Global String Objects are Interned Only in the First Interpreter #106931

ericsnowcurrently · 2023-07-20T21:30:20Z

When a string object is interned via _PyUnicode_InternInPlace(), its "state.interned" field is set. Afterward, subsequent calls to _PyUnicode_InternInPlace() will skip that string. The problem is that some strings may be used in multiple interpreters, which each have their own interned dict. The string is shared between the interpreters, along with its "state.interned" field. That means the string will only be interned in the first interpreter where _PyUnicode_InternInPlace() is called (ignoring races in the function, e.g. gh-106930).

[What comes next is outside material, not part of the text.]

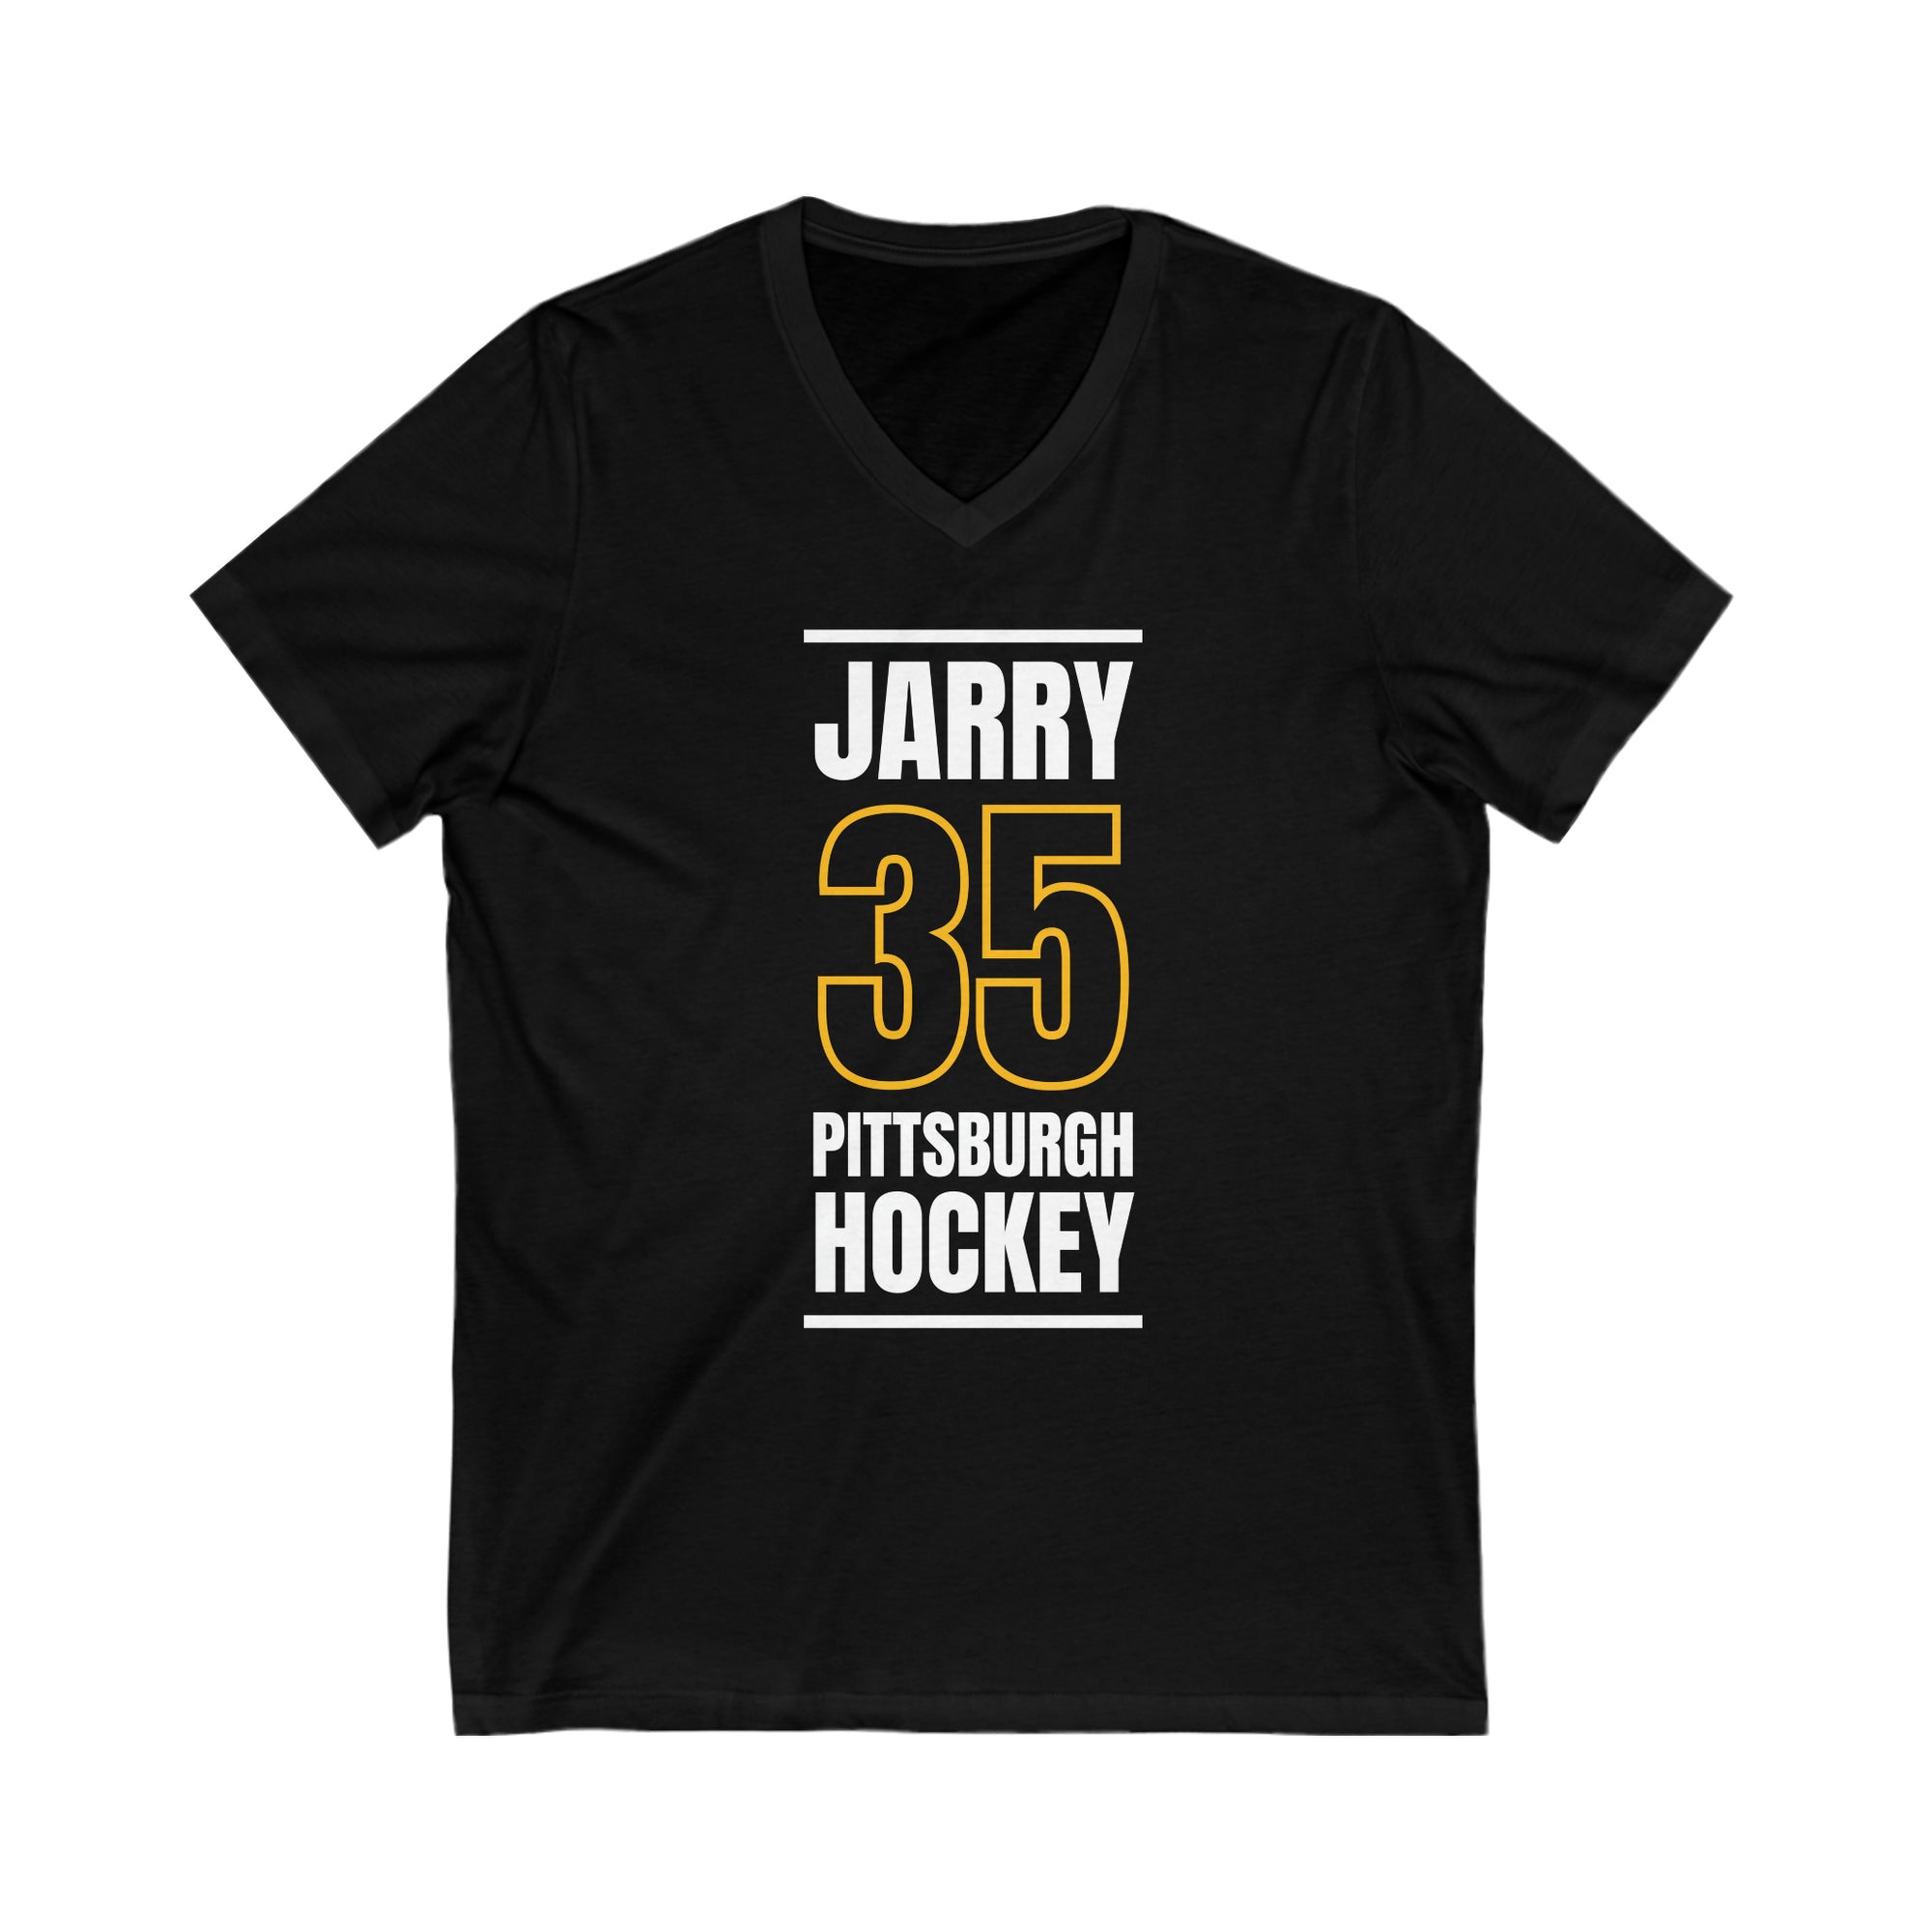 Jarry 35 Pittsburgh Hockey Black Vertical Design Unisex V-Neck Tee

We need to fix it so one of the following is true:

there should be one global interned "dict" shared by all interpreters (we tried this already and it is very tricky)
strings are always interned in every interpreter, regardless of the "state.interned" value

Linked PRs

The text was updated successfully, but these errors were encountered:

ericsnowcurrently · 2023-07-20T21:30:36Z

CC @kumaraditya303

kumaraditya303 · 2023-07-21T09:30:57Z

I prefer option 1 and would like to try make it work after I am in better health.

ericsnowcurrently · 2023-07-21T14:28:27Z

I likewise prefer the first option, though with some other data structure than a dict.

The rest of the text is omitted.